◆ **DATA EXTRACT**:
+++
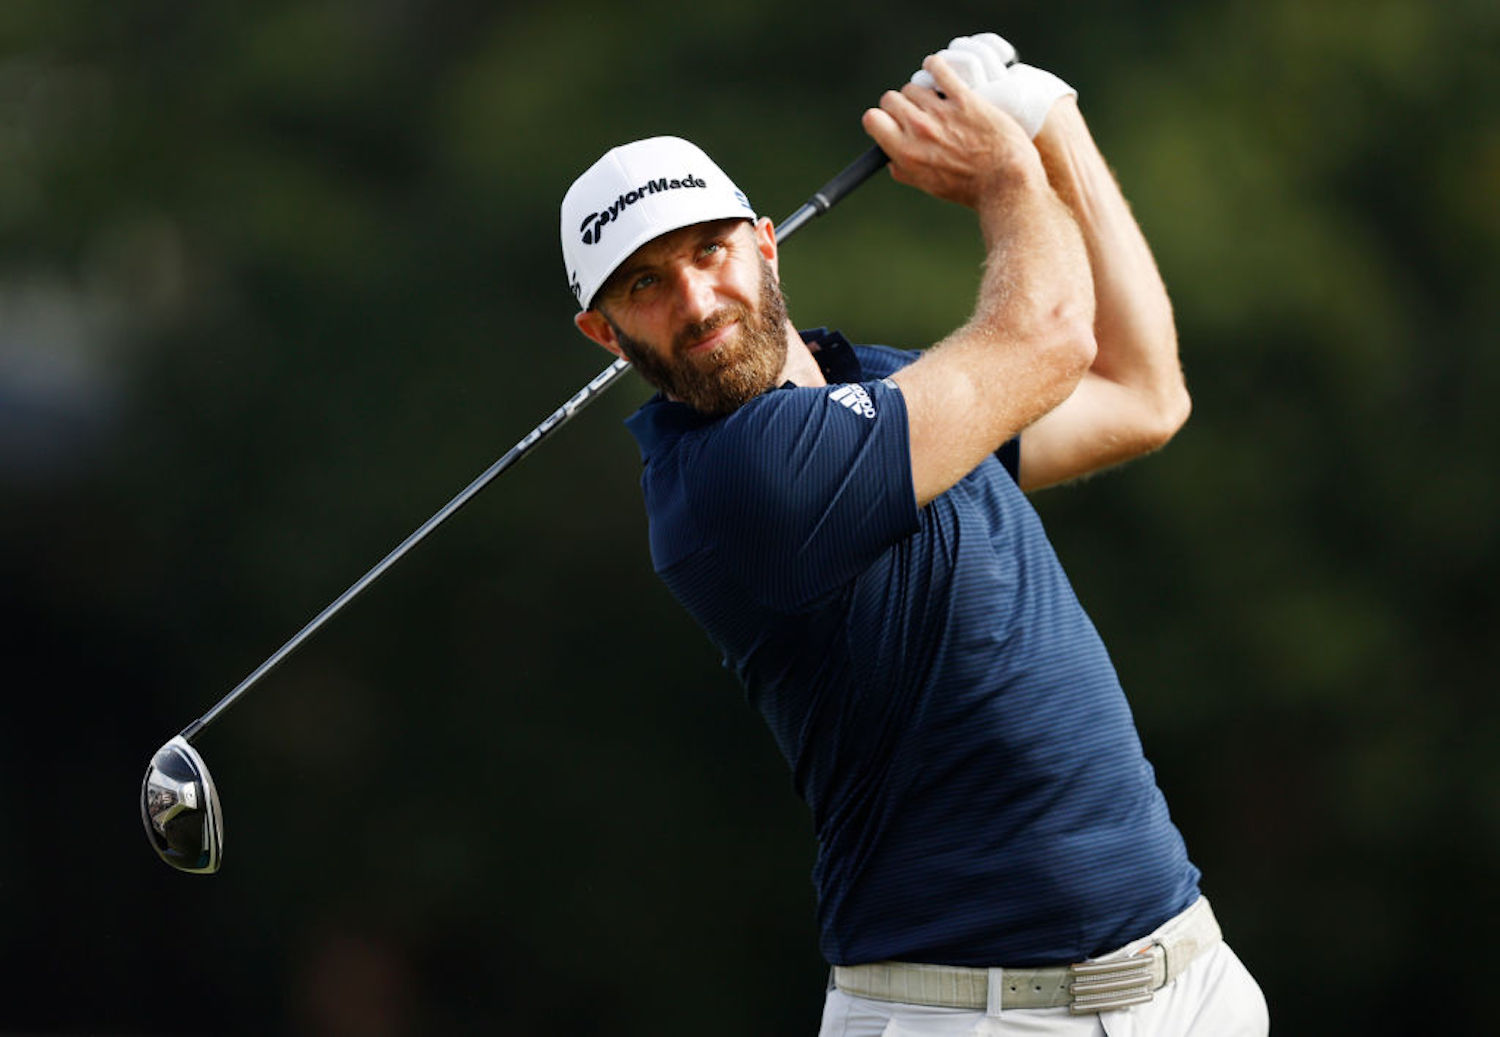 Dustin Johnson missed two weeks recovering from COVID-19, but he just proved he's still the best player on the PGA Tour.
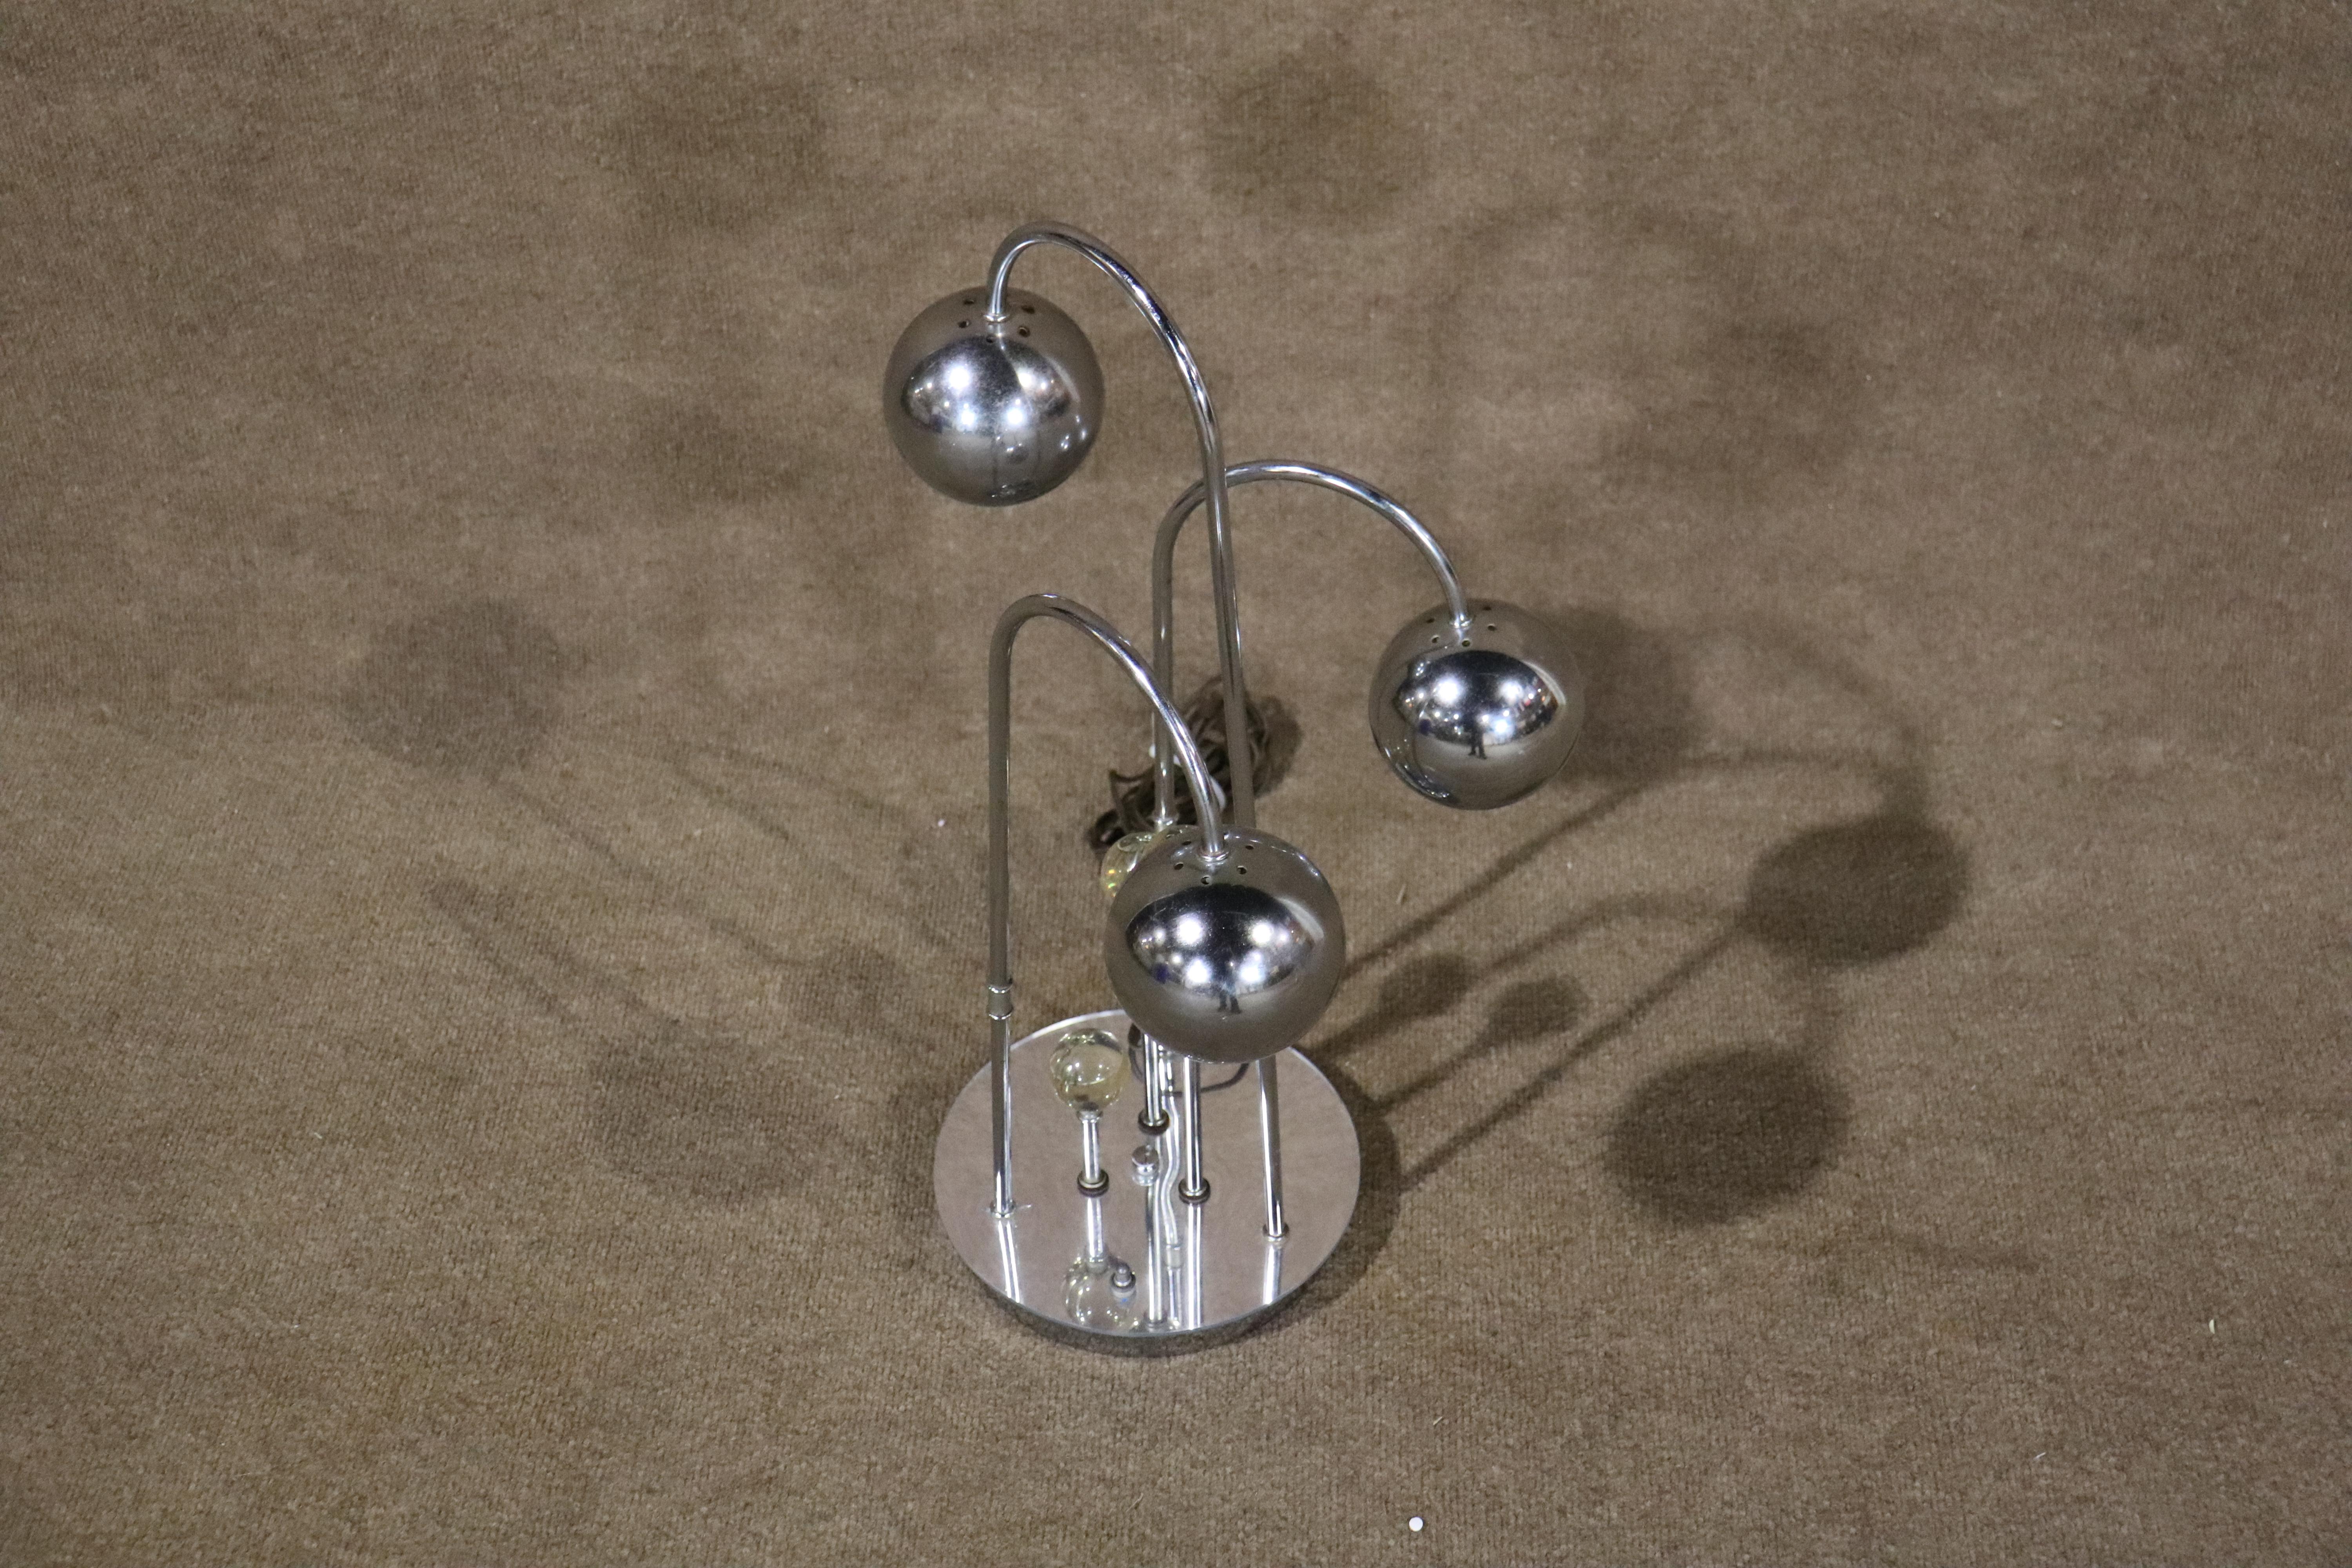 Table lamp in polished chrome with movable arms. Each lamp has a round shade with single socket.
Please confirm location NY or NJ
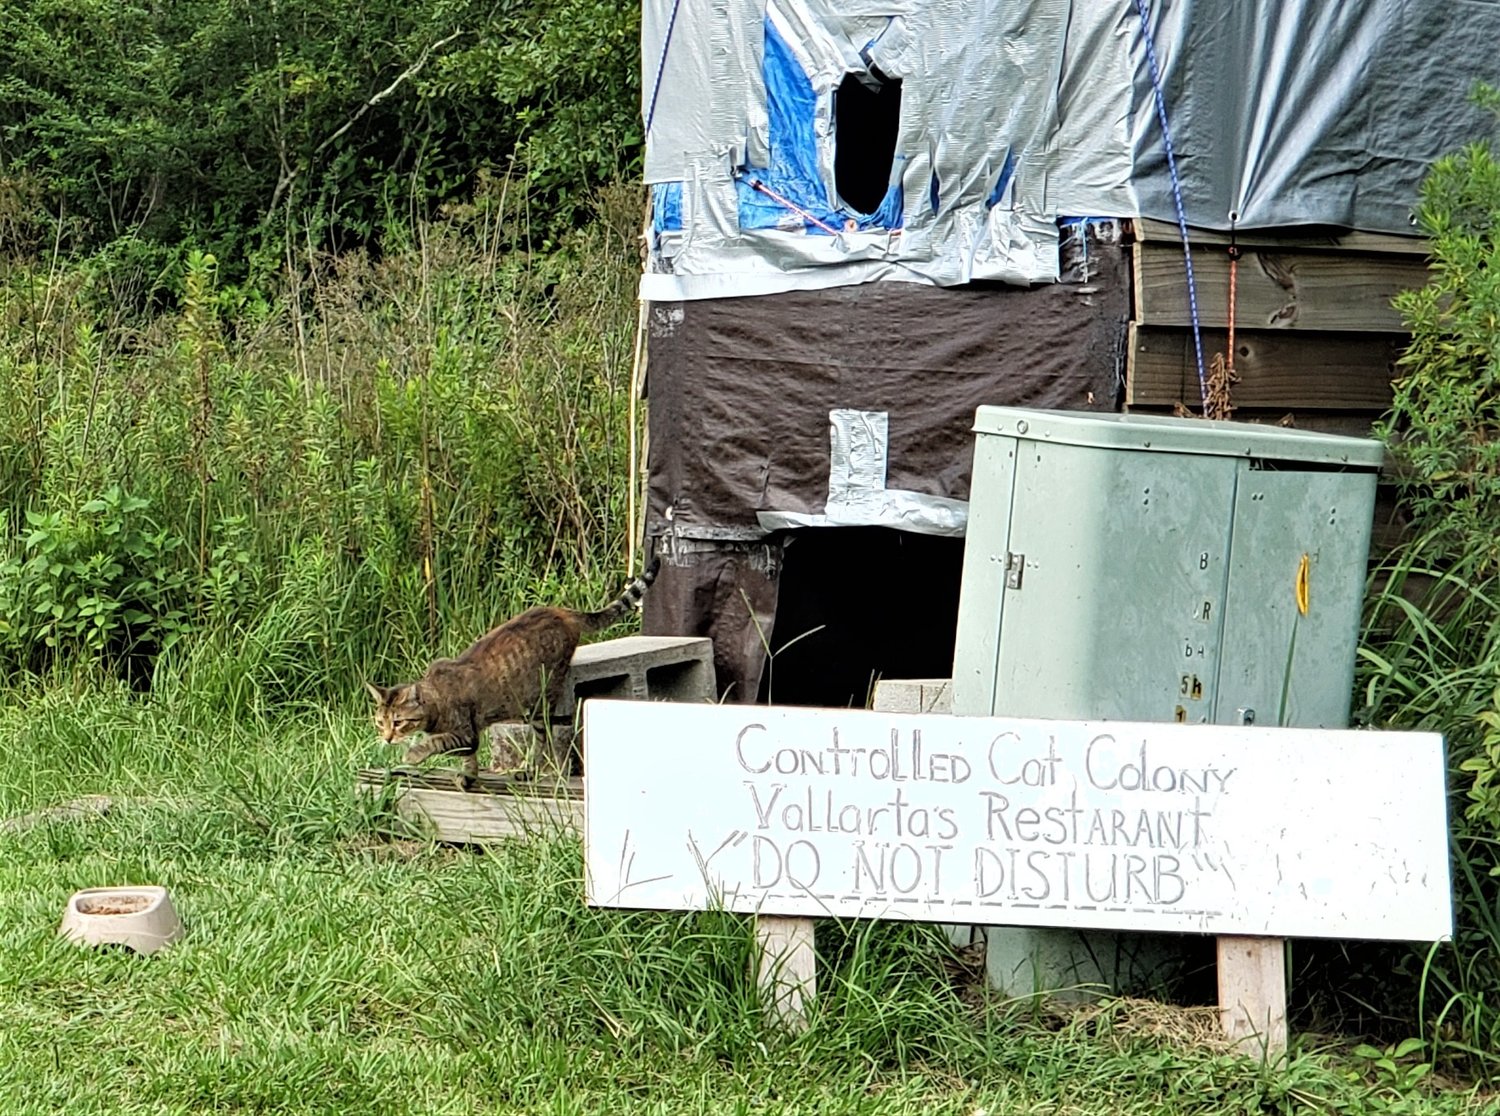 Many cat colonies can be found around Foley and in area neighborhoods, but until now there was no organized effort to help with a solution.
+++
◆ **EXERCISE GOAL**:
Lines before the one containing "Please confirm location NY or NJ" are not wanted; write out that line and every later line through the end of the data above, exactly, without pictures.

◆ **SOLUTION TO THIS PROBLEM**:
Please confirm location NY or NJ
 Many cat colonies can be found around Foley and in area neighborhoods, but until now there was no organized effort to help with a solution.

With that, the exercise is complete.